### WORK REQUEST
Give the data again exactly, without images.

### DATA EXTRACT

--------------------------------

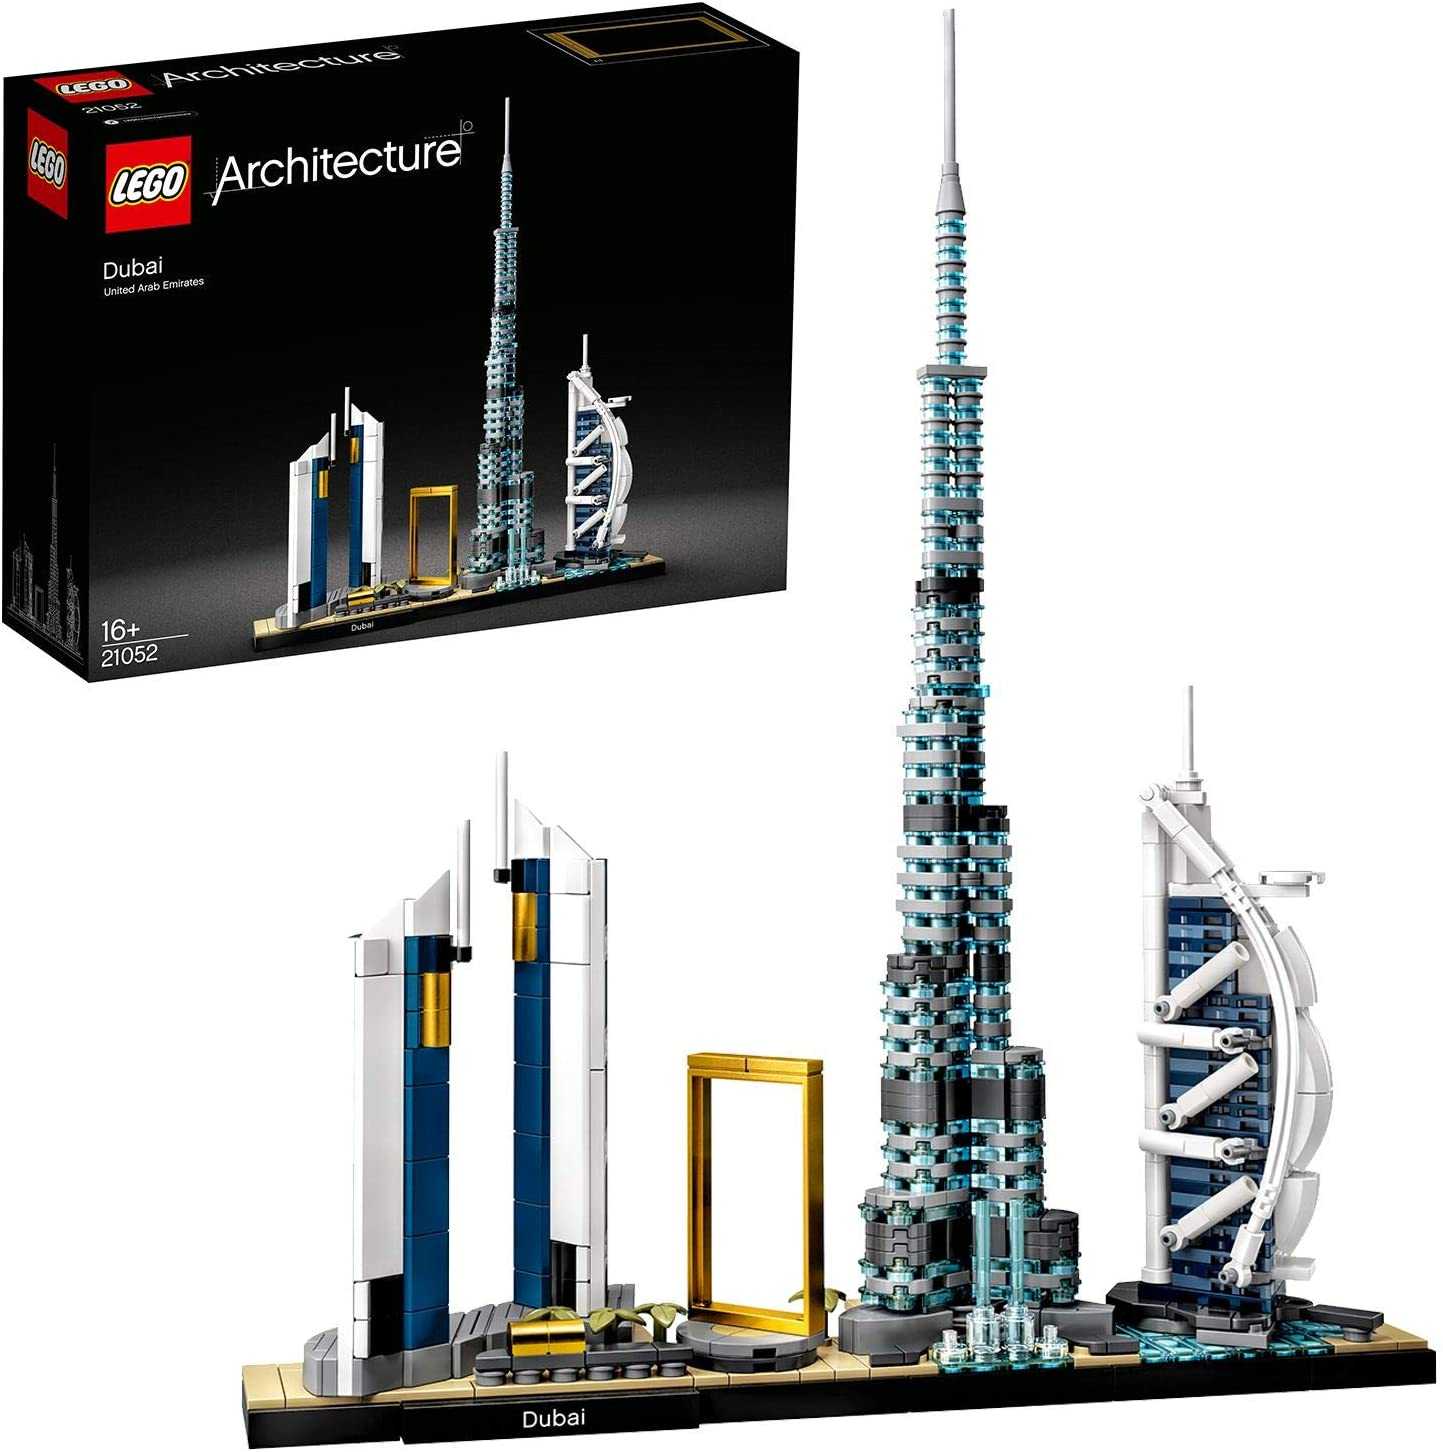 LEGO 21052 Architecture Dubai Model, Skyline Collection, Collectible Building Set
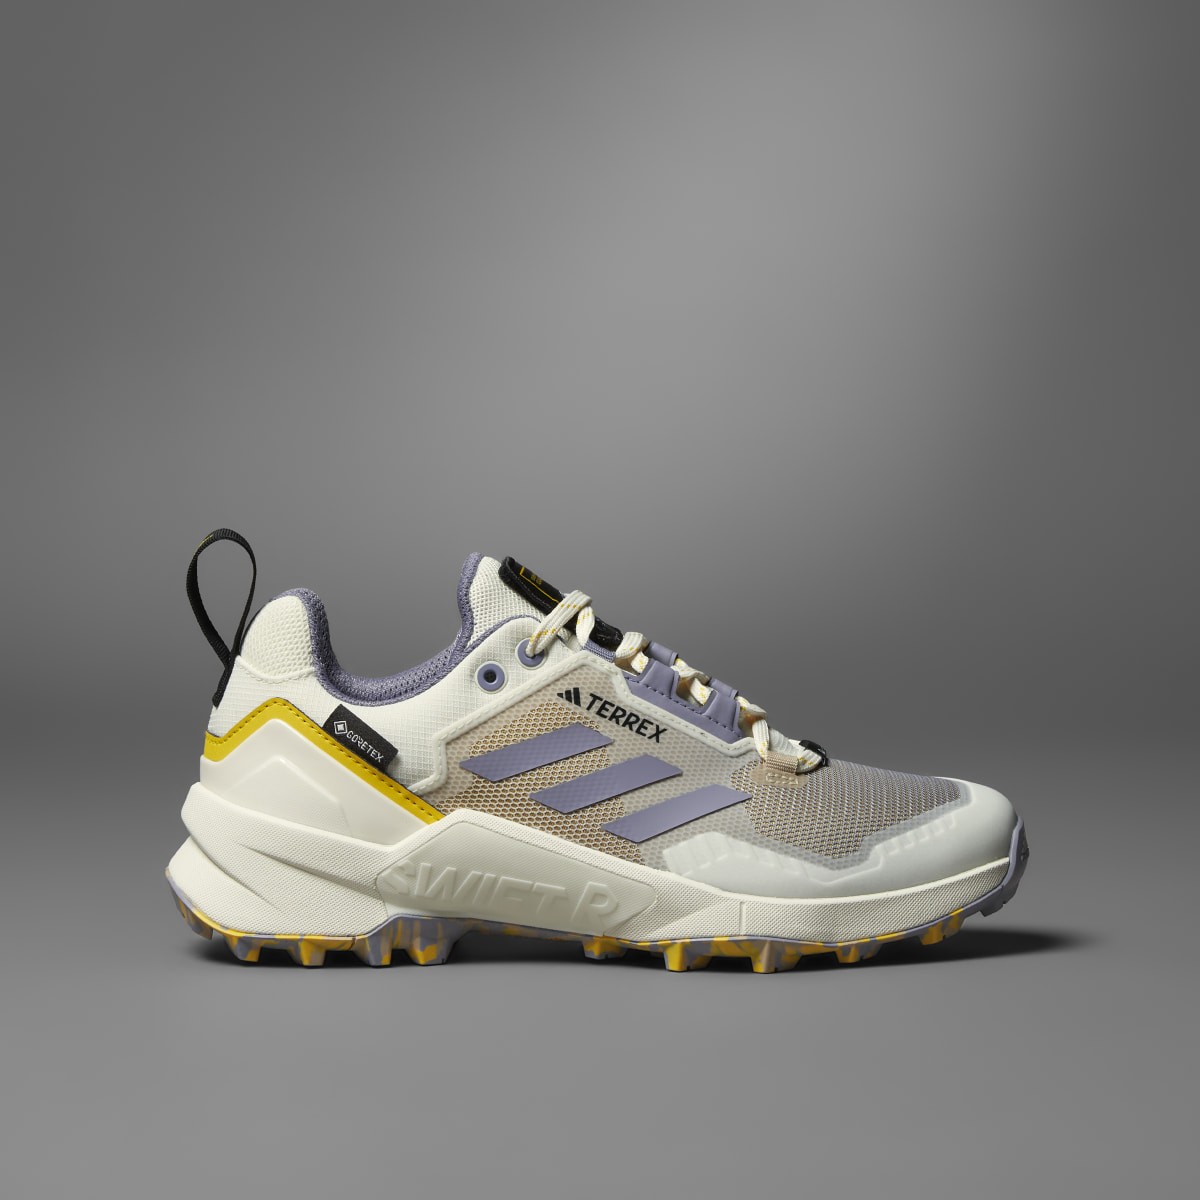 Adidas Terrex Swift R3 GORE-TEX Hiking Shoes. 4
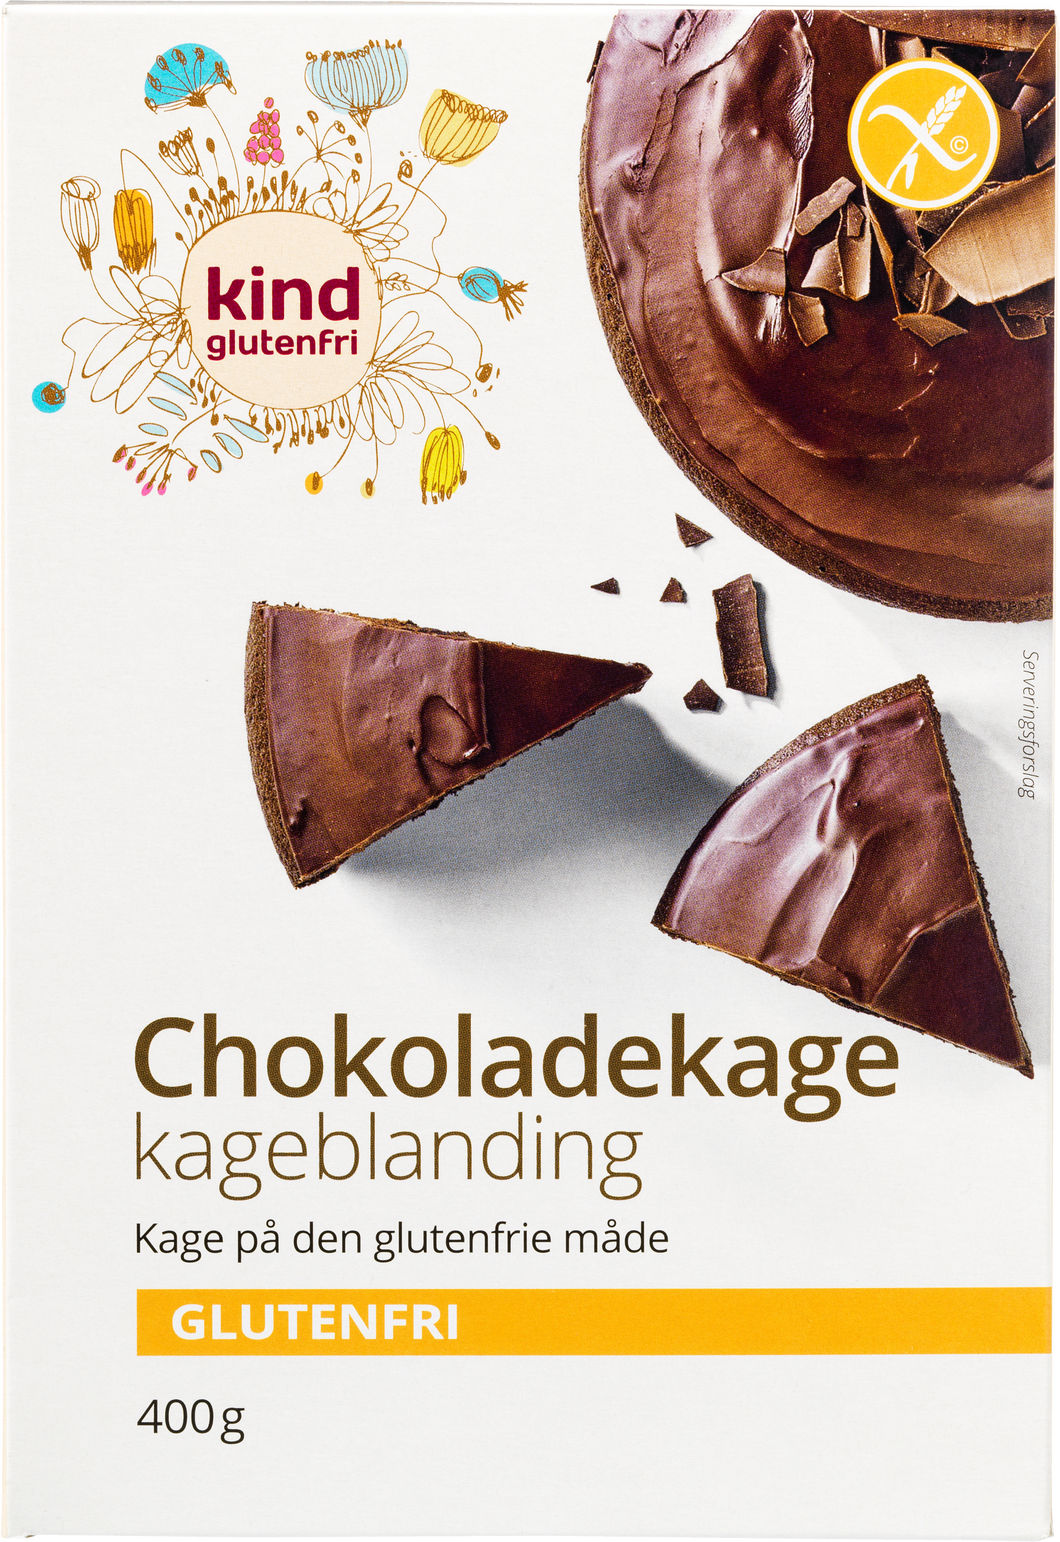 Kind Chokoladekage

--------------------------------

### EXERCISE OUTPUT
 LEGO 21052 Architecture Dubai Model, Skyline Collection, Collectible Building Set
 Adidas Terrex Swift R3 GORE-TEX Hiking Shoes. 4
 Kind Chokoladekage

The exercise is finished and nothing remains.